**Work instructions**:
Your answer must be the full listing below, restated word for word, with no pictures in it.

**Information shown**:
BEGIN

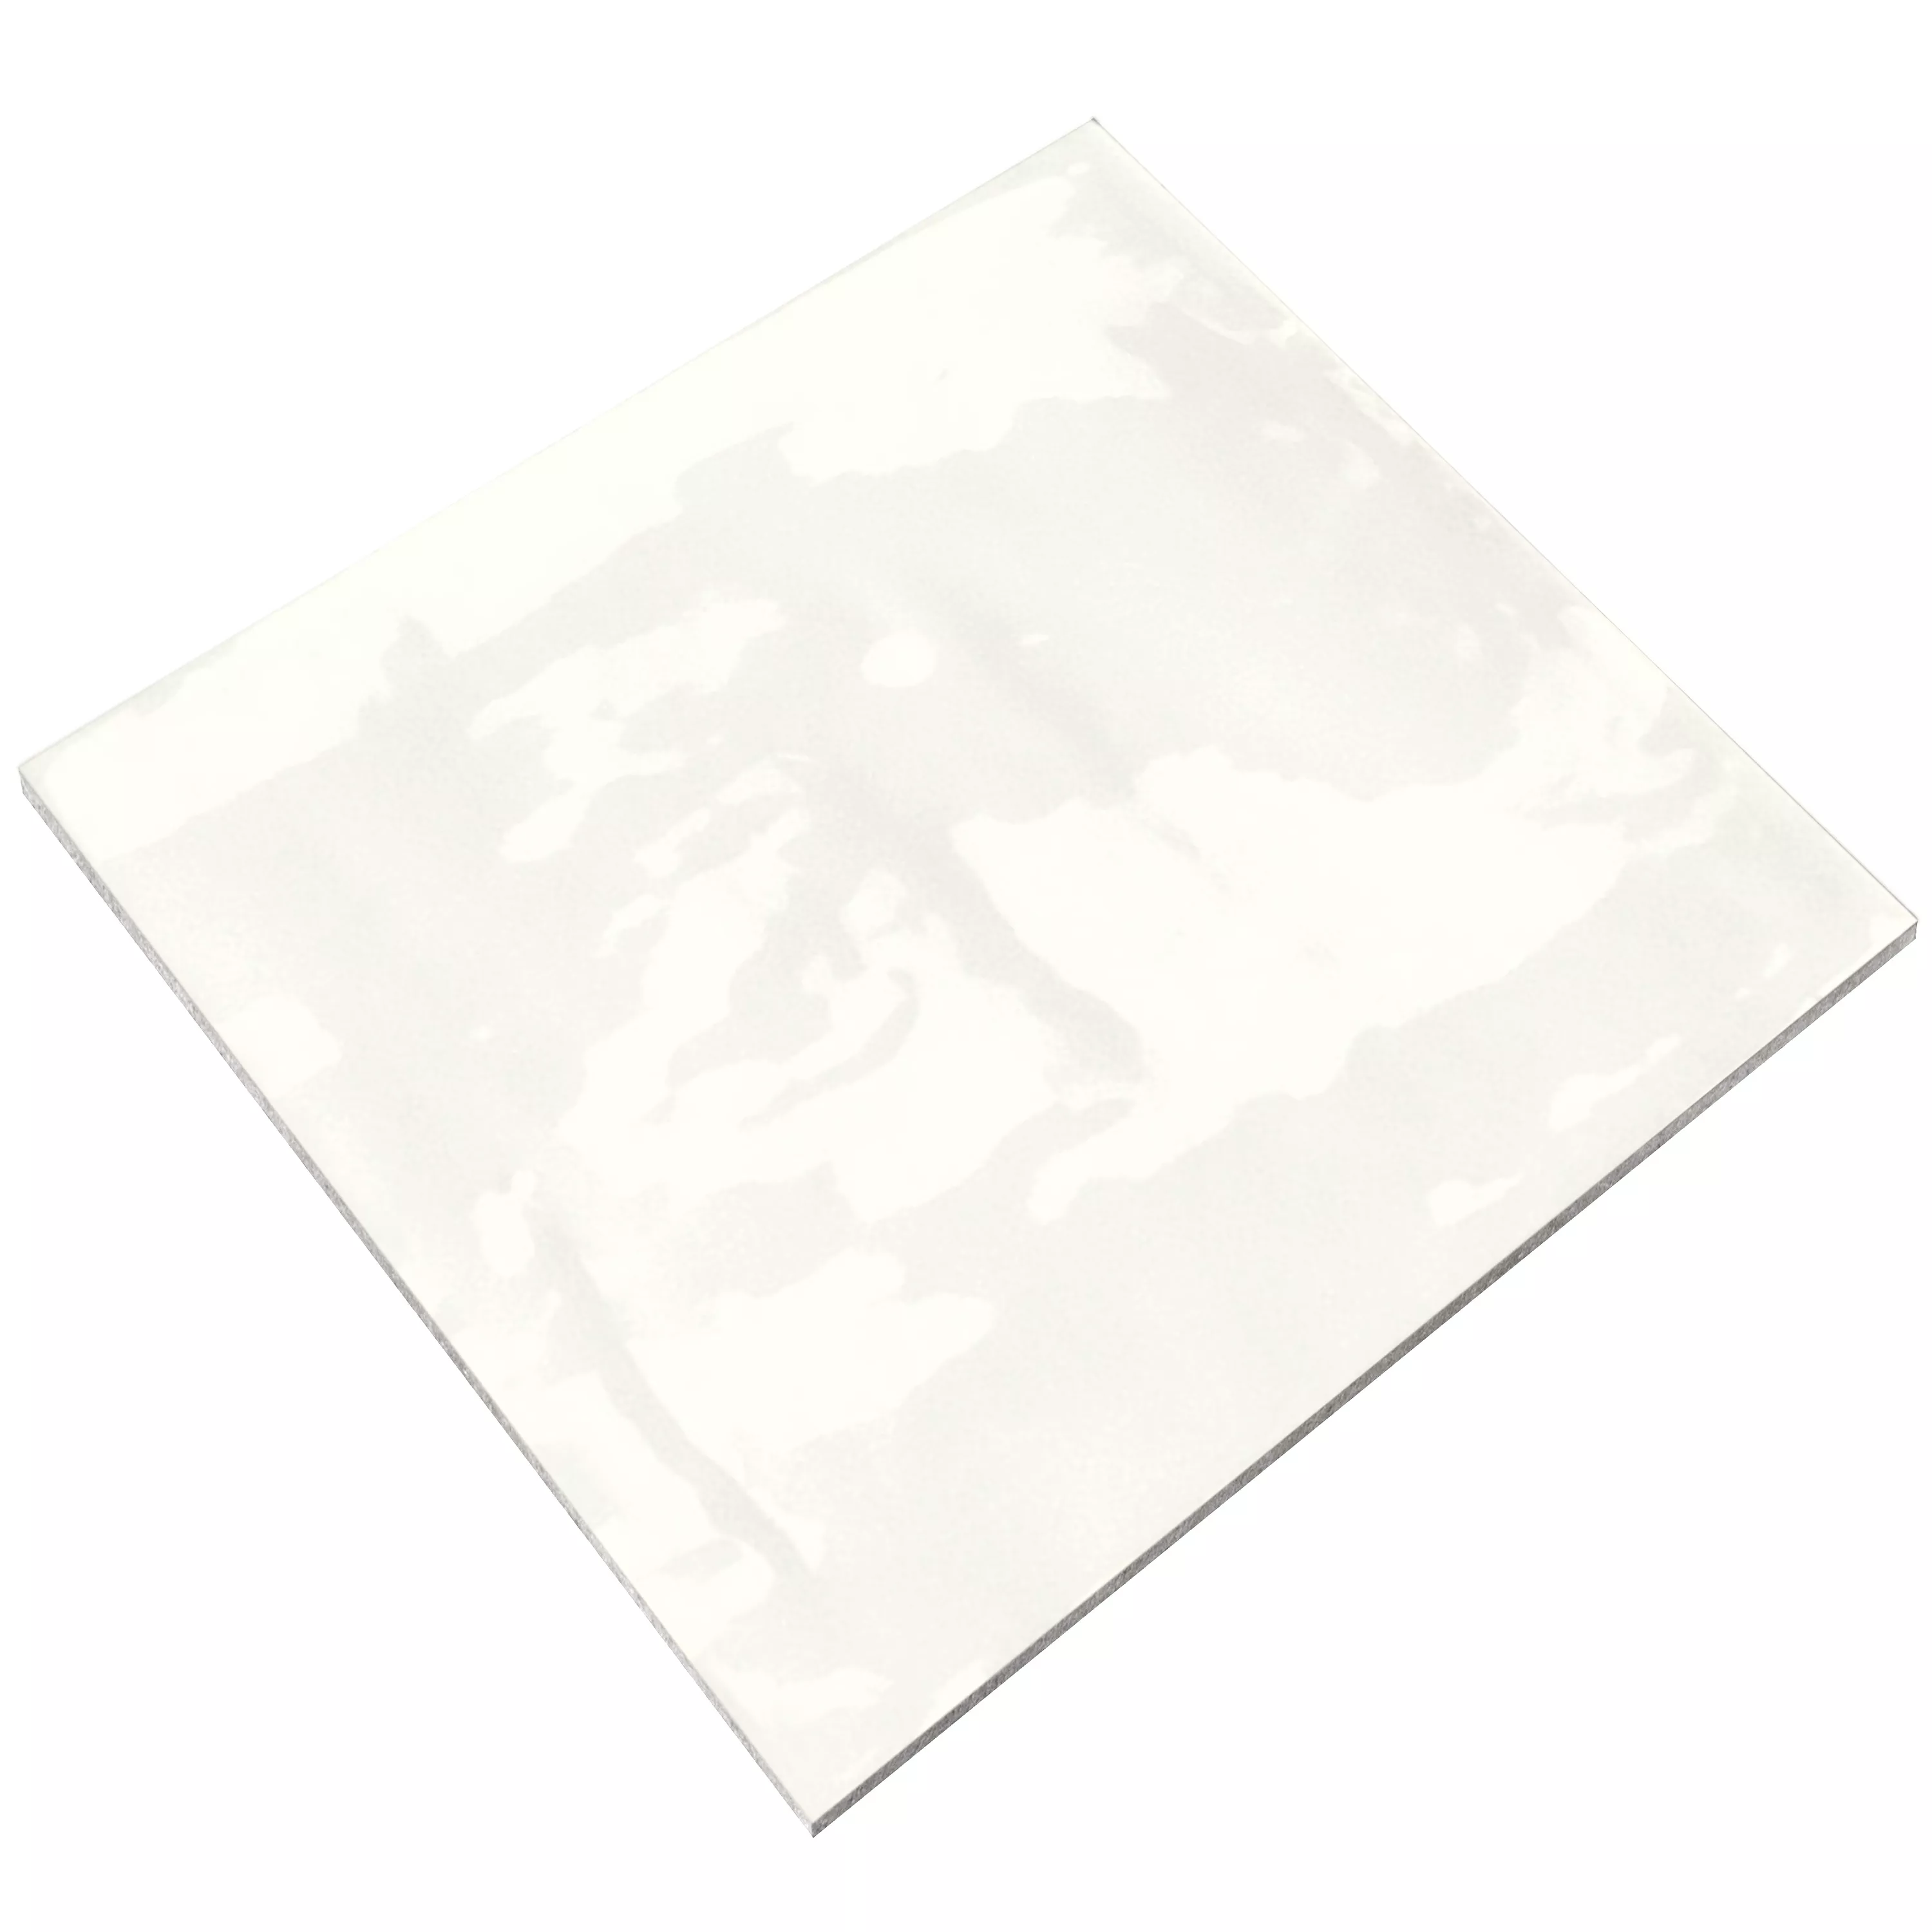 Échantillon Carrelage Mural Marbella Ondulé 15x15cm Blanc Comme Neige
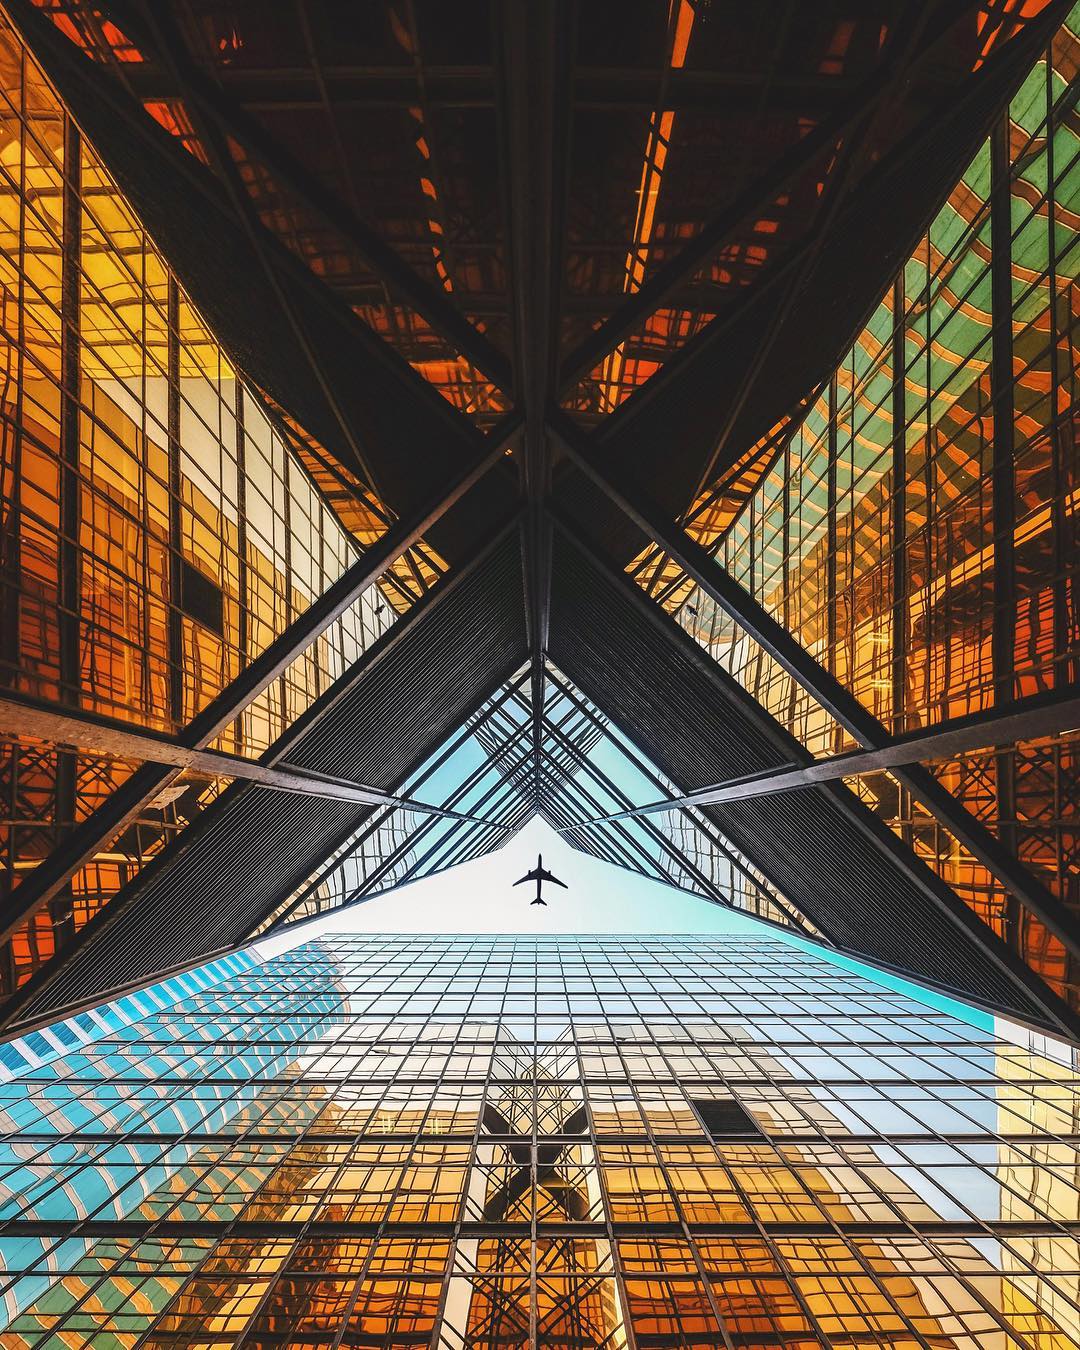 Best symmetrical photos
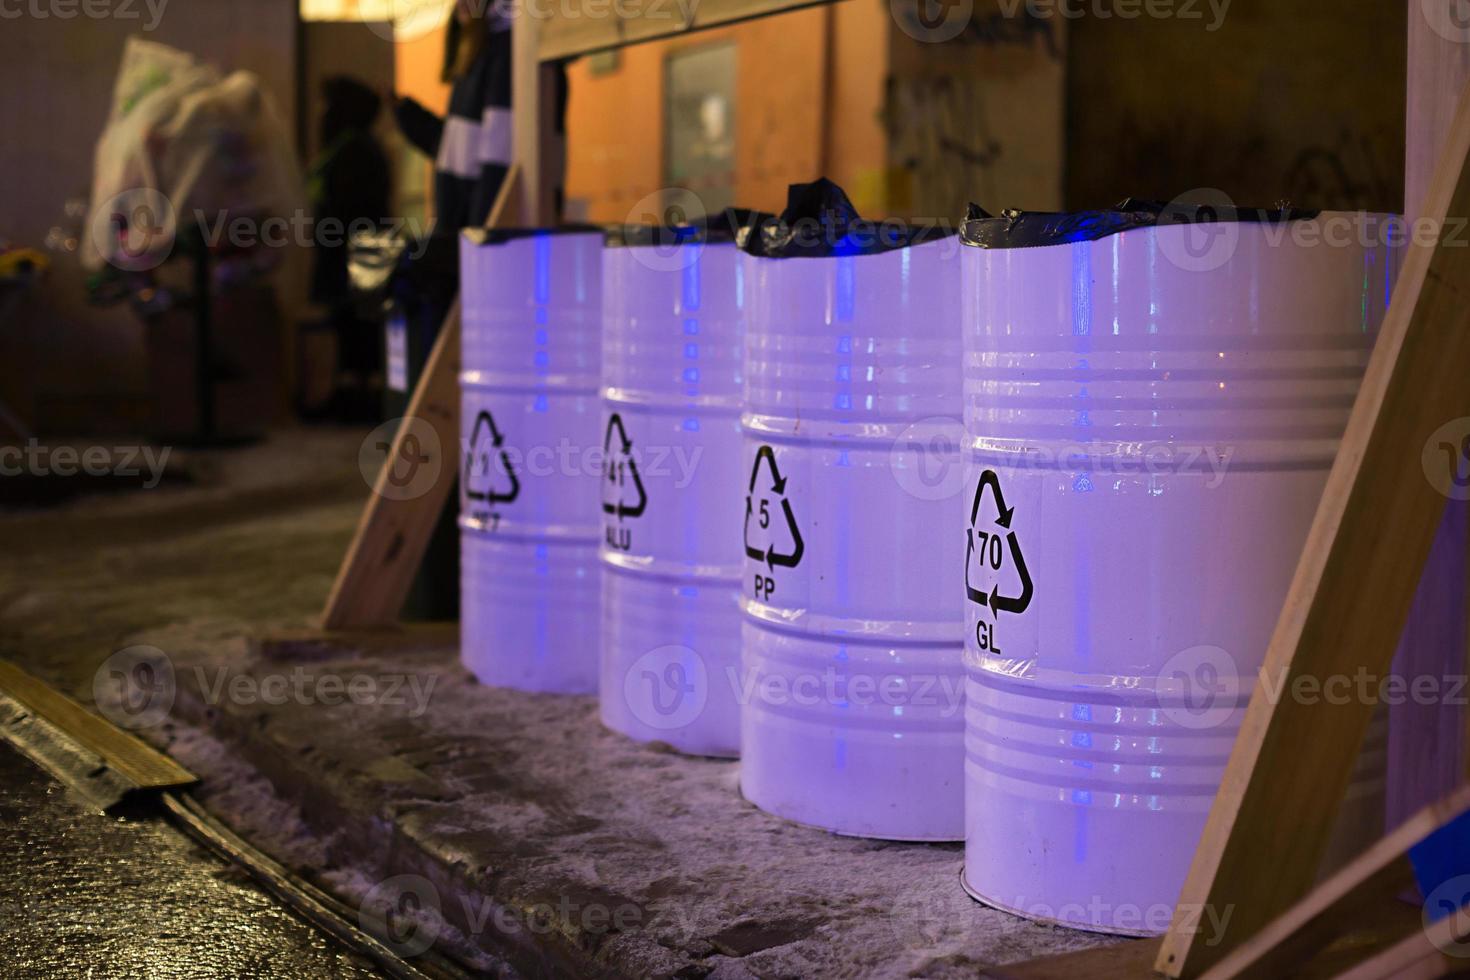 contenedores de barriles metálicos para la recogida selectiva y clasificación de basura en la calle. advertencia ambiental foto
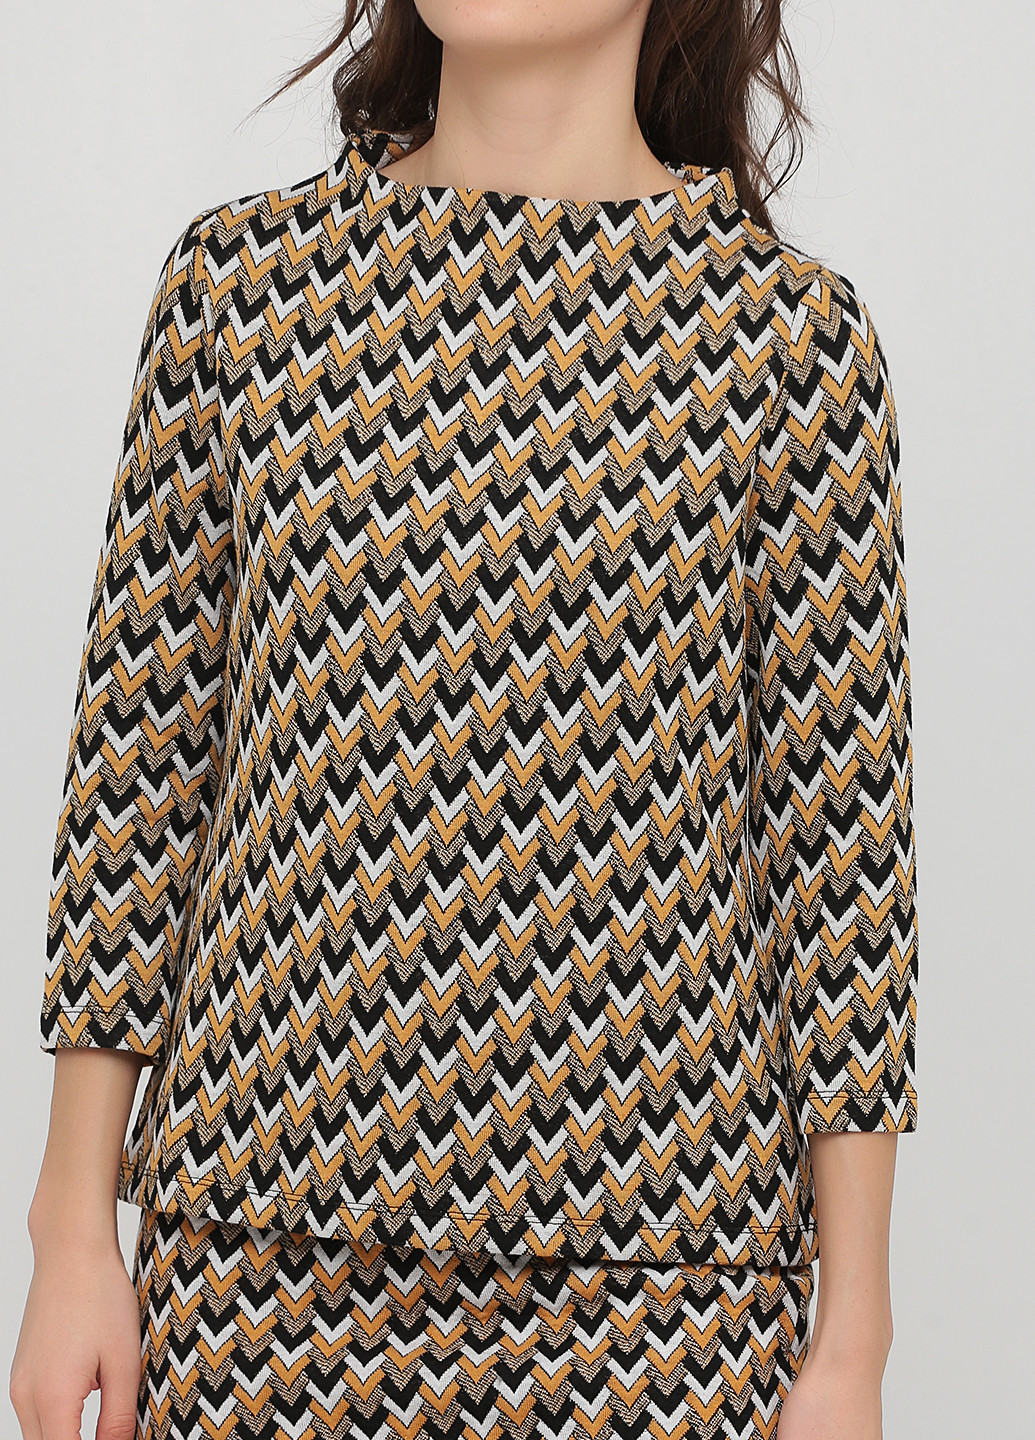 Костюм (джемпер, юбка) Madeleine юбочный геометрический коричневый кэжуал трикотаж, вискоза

END

**Answer space**:
 Échantillon Carrelage Mural Marbella Ondulé 15x15cm Blanc Comme Neige
 Best symmetrical photos
 contenedores de barriles metálicos para la recogida selectiva y clasificación de basura en la calle. advertencia ambiental foto
 Костюм (джемпер, юбка) Madeleine юбочный геометрический коричневый кэжуал трикотаж, вискоза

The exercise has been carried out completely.